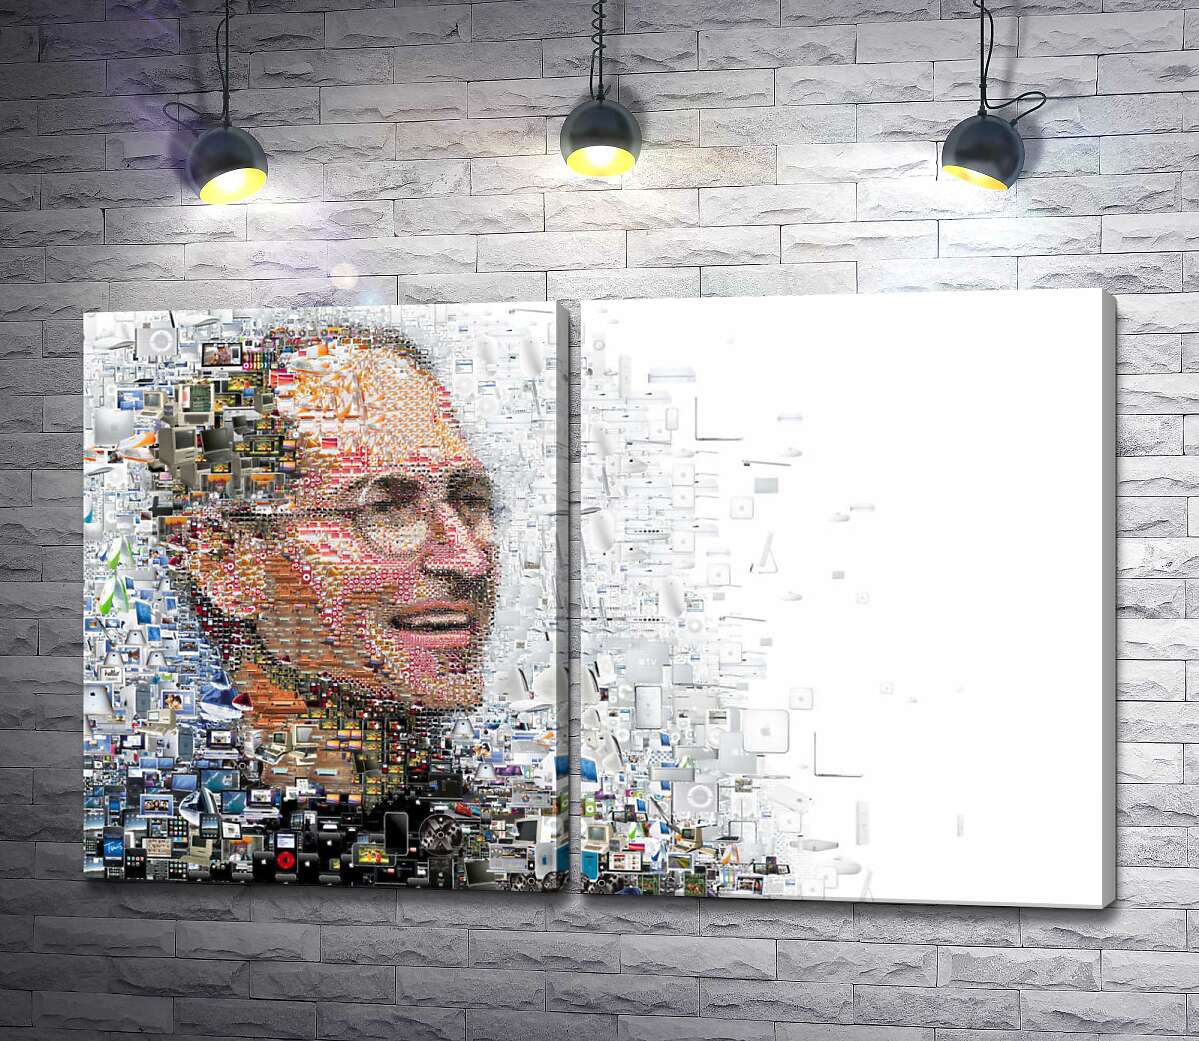 модульная картина Стив Джобс (Steve Jobs) из тысячей изображений гаджетов
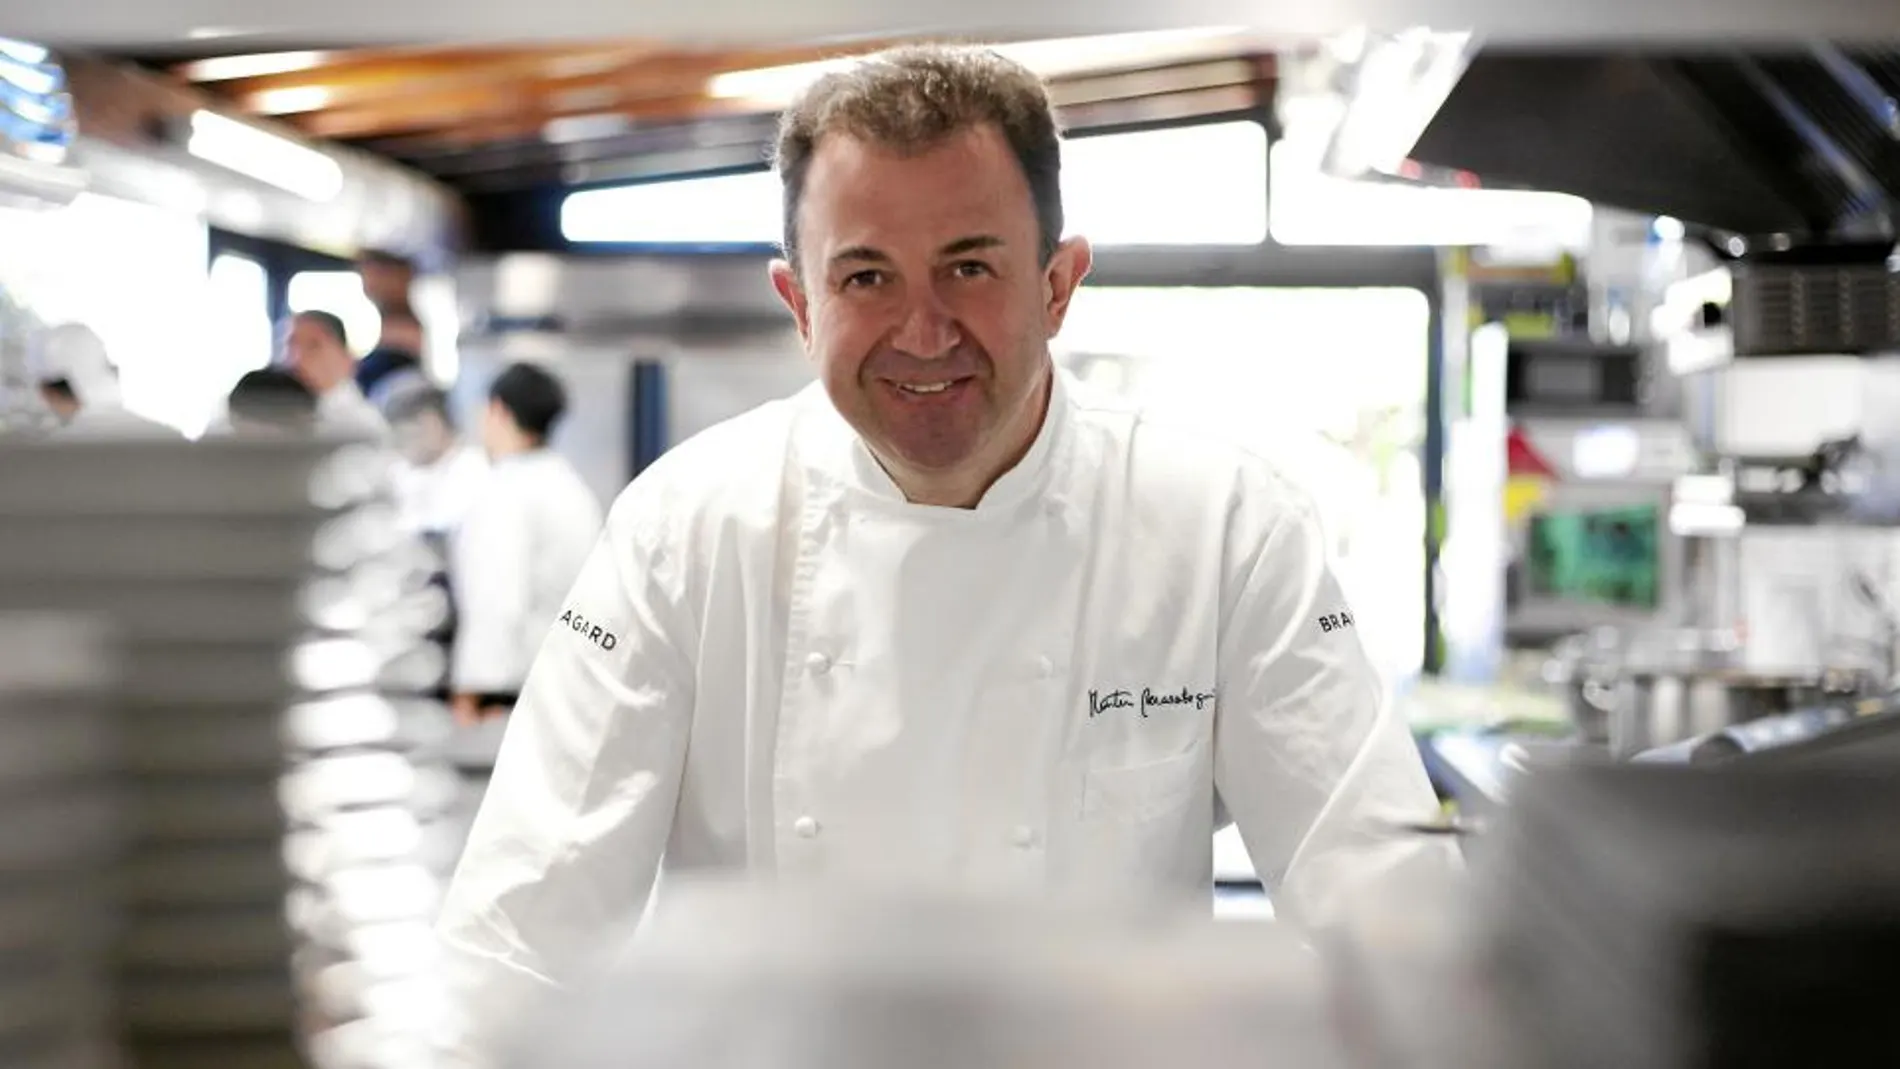 El cocinero, con ocho estrellas Michelin, sumará un total de 17 espacios repartidos por el mundo
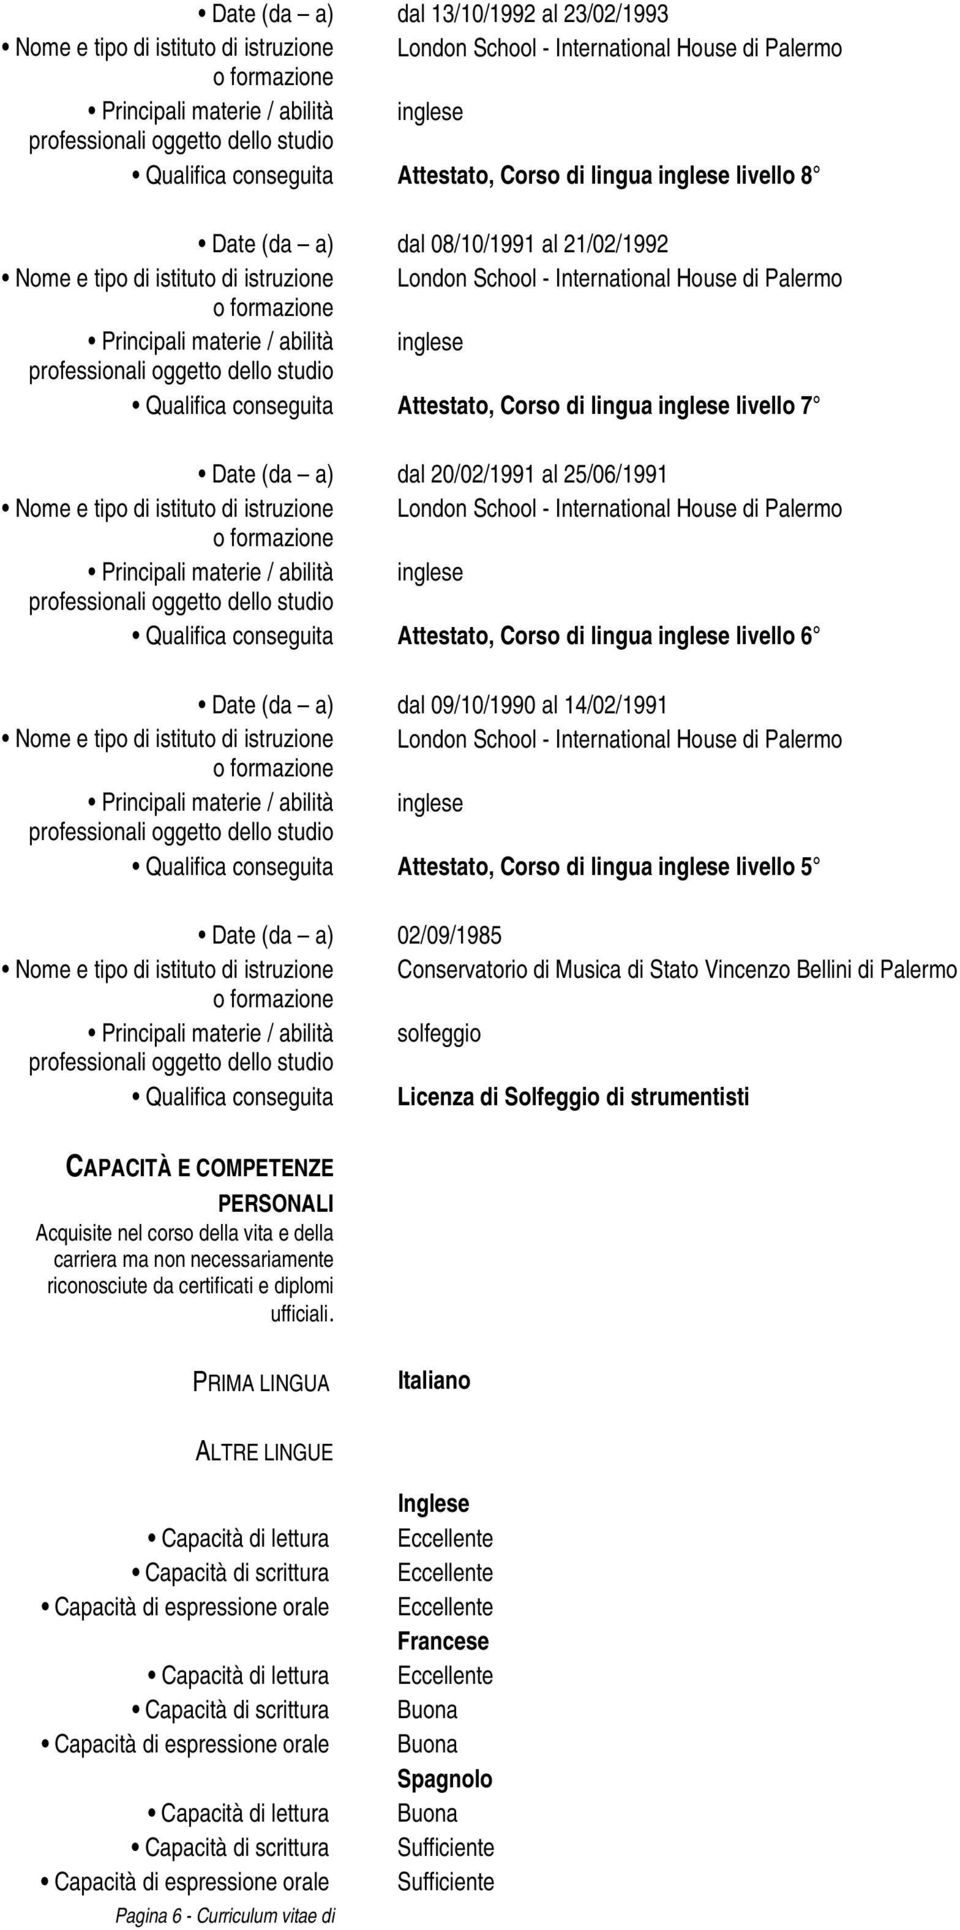 Corso di lingua inglese livello 5 Date (da a) 02/09/1985 Nome e tipo di istituto di istruzione Conservatorio di Musica di Stato Vincenzo Bellini di Palermo Principali materie / abilità solfeggio

▶ Work task
Apart from its pictures, the material above should be repeated exactly.

▶ Task result
 модульная картина Стив Джобс (Steve Jobs) из тысячей изображений гаджетов
 El cocinero, con ocho estrellas Michelin, sumará un total de 17 espacios repartidos por el mundo
 Corso di lingua inglese livello 5 Date (da a) 02/09/1985 Nome e tipo di istituto di istruzione Conservatorio di Musica di Stato Vincenzo Bellini di Palermo Principali materie / abilità solfeggio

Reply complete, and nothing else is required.